Подобно многим своим сверстникам, Бодлер пережил революционный 1848‑й год – а он был на баррикадах и в феврале, и в дни июньского восстания парижских рабочих – как краткое опьянение радужными, хотя и весьма у него сбивчивыми, надеждами перестроить всю жизнь снизу доверху. Тем тягостнее было три года спустя, после декабря 1851‑го, душевное похмелье Бодлера на самом дне безнадежности, которая сопровождалась отречением от всяких граждански-политических порывов. В отличие от Гюго, Бодлер полагал, что государственный переворот был не просто делом кучки наглых и ловких насильников: «Глупцы те, кто думает, будто подобные вещи могут совершаться без позволения народа…». И потому ожесточенная неприязнь к мещанской Франции на калена у него до крайнего предела: «Современная шваль внушает мне ужас. Ваши либералы – ужас. Добродетели – ужас. Порок – ужас. Приглаженный стиль – ужас. Прогресс – ужас».

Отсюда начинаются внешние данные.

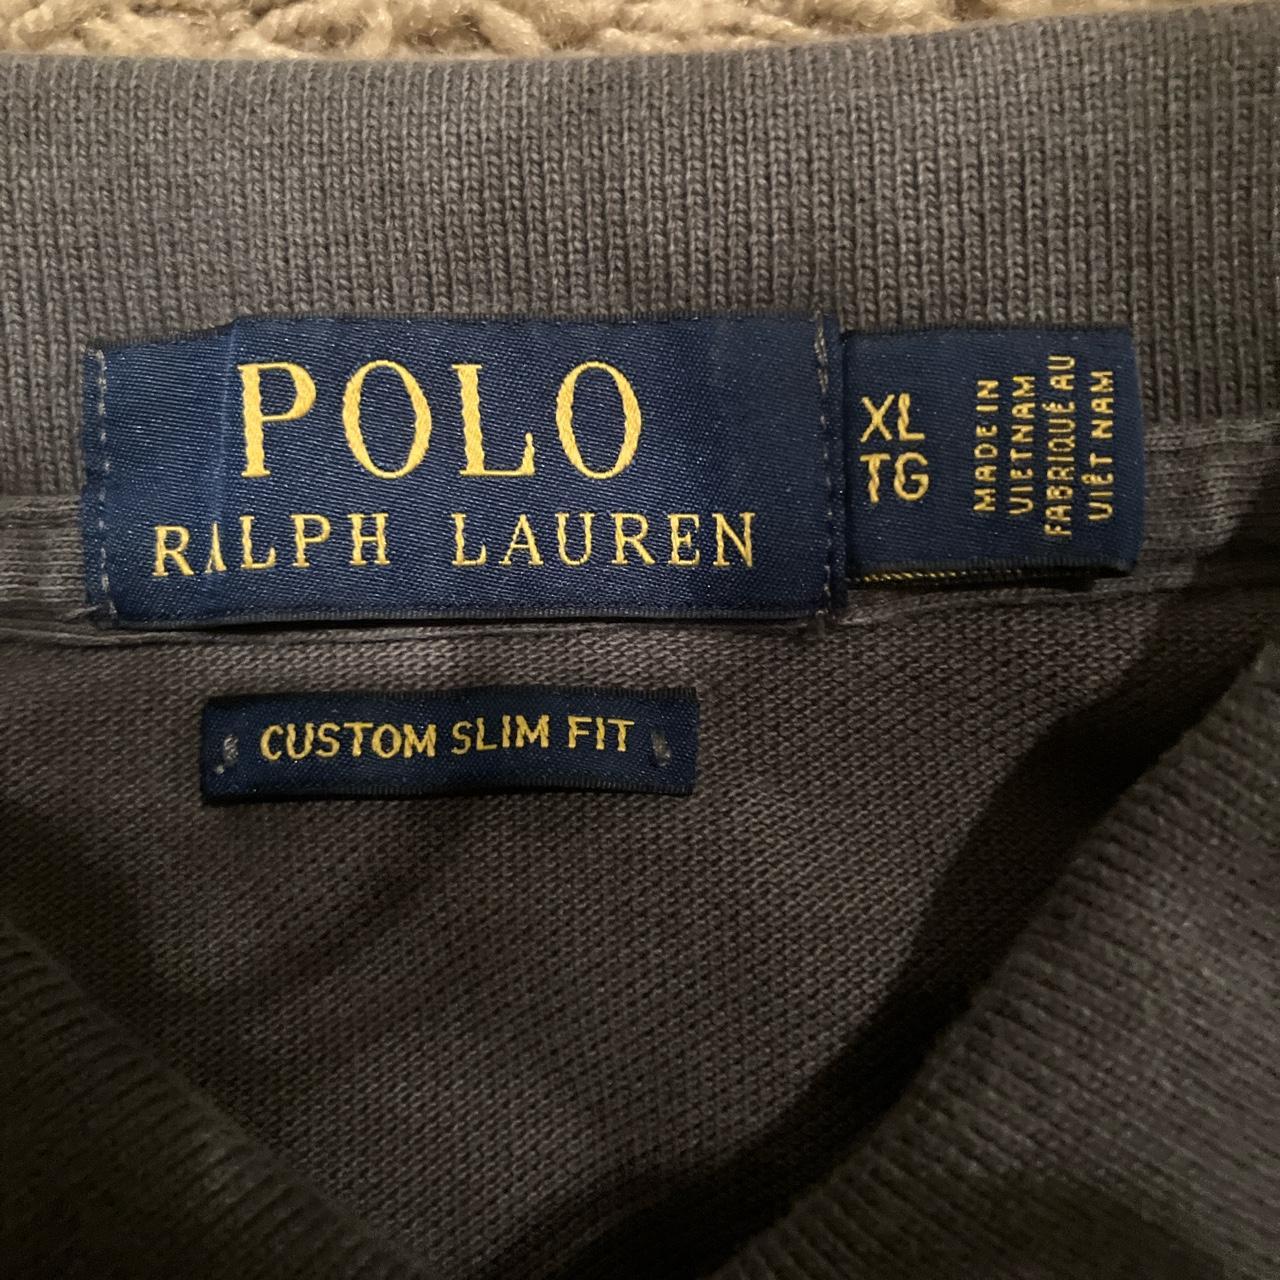 Polo Ralph Lauren Polo Shirt Size XL Small... - Depop

Скептический оползень вчерашних верований, так или иначе затронувший всех мыслящих наблюдателей тогдашних исторических превратностей – от Флобера и Гейне до Ренана и Герцена, в случае с Бодлером зашел так далеко, что рас шатал и подломил две философские опоры, на каких со времен Возрождения и просветительства покоилось в странах Запада всякое светское оптимистическое миросозерцание: доверие к изначально доброй природе человека и доверие к скрытой, но в конце концов как бы «разумной» и приязненной к нам целесообразности поступательного хода вещей на земле, который не сегодня так завтра все уладит к лучшему, даровав благоденствие. По Бодлеру – и здесь он как раз сродни Достоевскому «Записок из подполья» в его притяжениях-отталкиваниях с философией Канта, – оба эти сопряженные между собой допущения ума есть не что иное, как «выдумки нынешней философистики», не имеющие сколько-нибудь доказательных подтверждений. Напротив, для Бодлера растлевающий упадок окрест, когда духовность подмята корыстью, – опровержение просветительски-гегельянских учений о прогрессе не менее явное, чем колеблющая все руссоистские суждения о врожденной доброте людской жестокость первобытных нравов, облагороженных как раз над– или «сверхприродными» установлениями морали и культуры. Предрасположенность и воля к чистому, достойному, благому столь же изначальны у человека, как и податливость на вожделения порочные, злые, дремуче-темные. В себе самом эту расколотость, неустранимую двойственность Бодлер обнаруживал на каждом шагу и, не отличаясь в повседневной жизни крепостью христианской веры, искал, однако, поддержки своей философии личности в библейской легенде о «первородном грехе». «Есть в каждом человеке, – записывал он в дневнике “Мое обнаженное сердце[26], – одновременно два устремления, первое обращено к Богу, второе – к Сатане. Зов Бога, или духовность, – это жажда внутренне возвыситься, зов Сатаны, или животность, – это радость от собственного падения».